We perform an additional analysis [(Appendix E.9, Figure 8, pages 23-24)] to qualitatively showcase the contribution of MixDiff score to other base scores. To that end, we divide the MSP score’s values into certain number of consecutive intervals, so that the MSP values of a given interval would be similar to each other. For each interval, we calculate the mean of MSP scores of ID and OOD samples, respectively. The mean of MSP scores for ID and OOD samples are expected to be similar in value as these samples belong to the same interval. Next, for each interval of MSP, we calculate the mean of MixDiff scores of ID and OOD samples belonging to that interval. Finally, when we plot the difference of the mean of ID and mean of OOD samples for each interval, the MixDiff’s difference is significantly higher. This qualitatively demonstrates that even when two MSP scores are almost identical, MixDiff scores can provide a discriminative edge over the MSP score, while only modifying the input level sample.

[1] Delving into out-of-distribution detection with vision-language representations. Advances in Neural Information Processing Systems, 35:35087–35102, 2022.

2. Compared with directly using ood detection methods such as maximum class probability or predicted entropy, the complexity of the proposed method is very high, but according to the experimental results, the performance improvement is very limited.

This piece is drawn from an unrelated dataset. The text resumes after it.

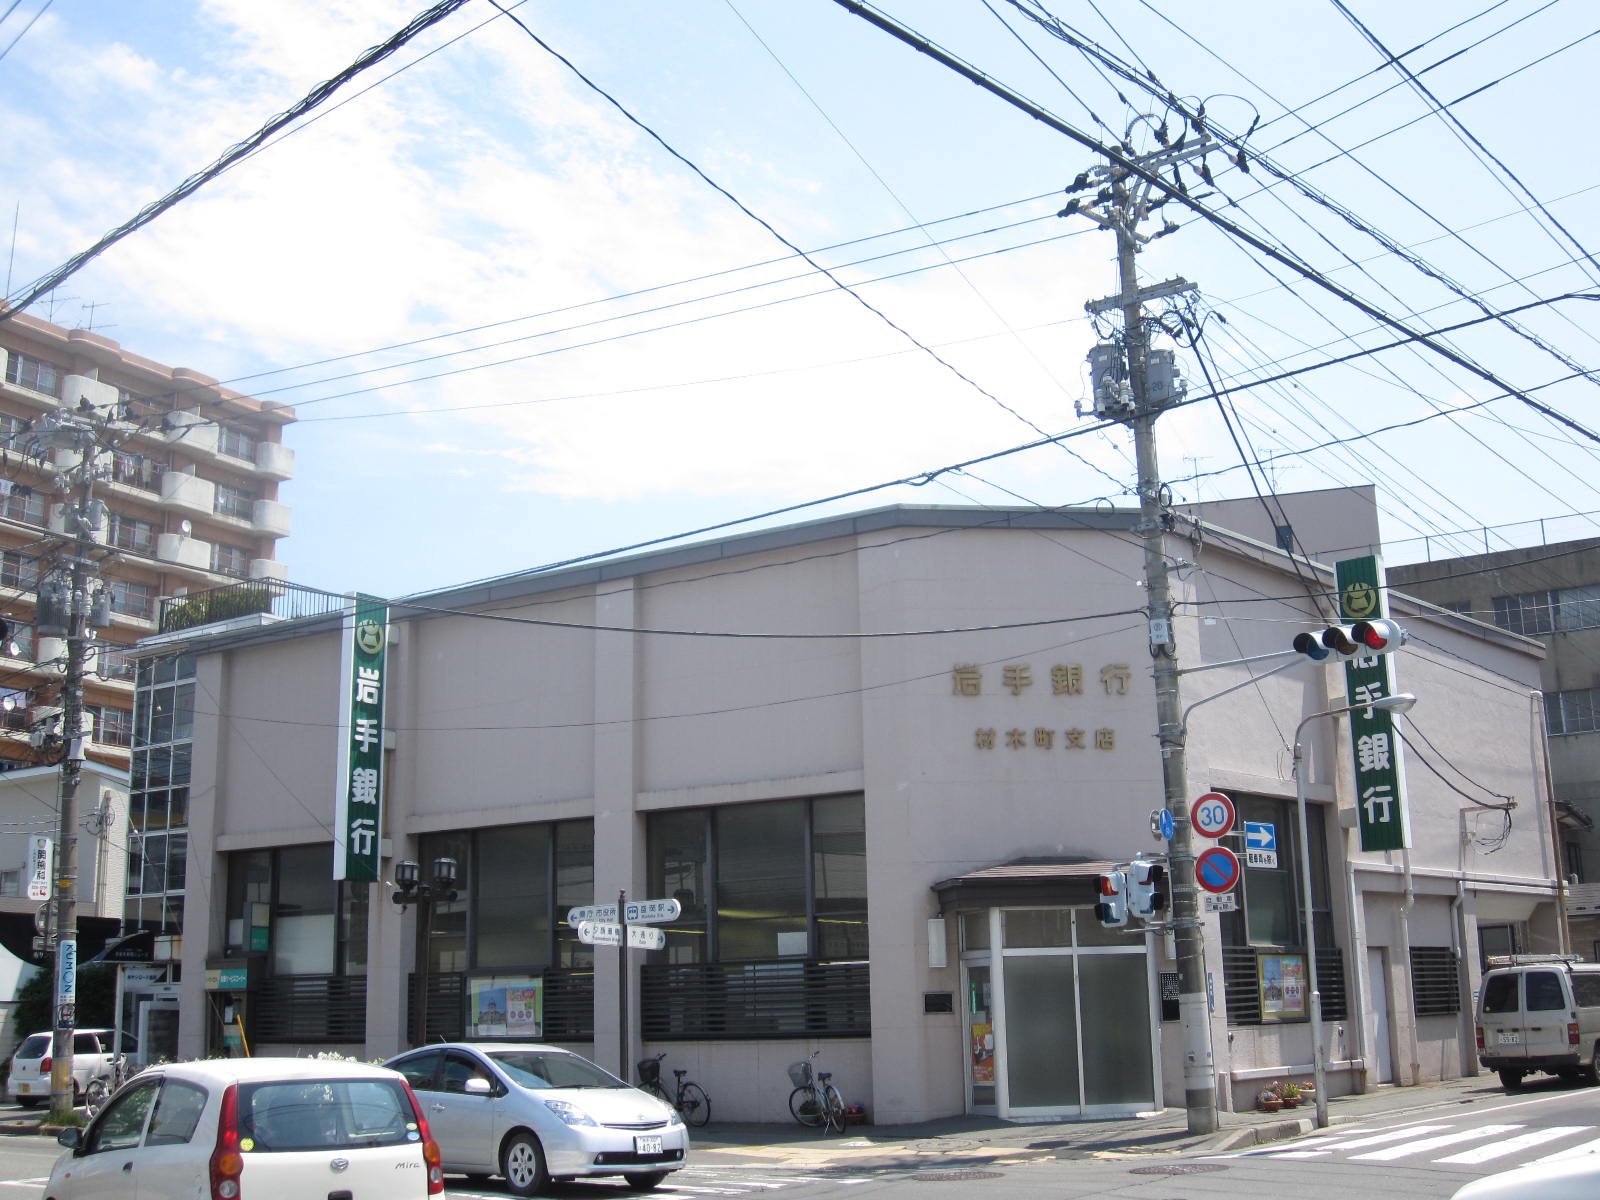 Bank. 306m to Iwate timber-machi Branch (Bank)

We are grateful for the reviewer for raising an important question regarding the computational aspect of our approach. We have included an analysis on computational cost in [(Appendix E.11, Figure 10, pages 24-25)]. For a given target sample, MixDiff requires processing additional $N \cdot R$ samples, where $N$ is the number of auxiliary samples, and $R$ is the number of Mixup rates. A more detailed description can be found in Appendix E.6. To demonstrate that MixDiff can still be beneficial even with a small computational budget, we performed additional analysis on the effect of $N$ and $R$ on the OOD detection performance. The results show that MixDiff’s performance is on par with the base score with one additional forward pass, $(N=1, R=1)$, and starts to outperform it with only two additional forward passes, $(N=1, R=2)$. The computational cost can be adjusted to fit a given budget while still enjoying the benefits of enhanced detection performance of the base score.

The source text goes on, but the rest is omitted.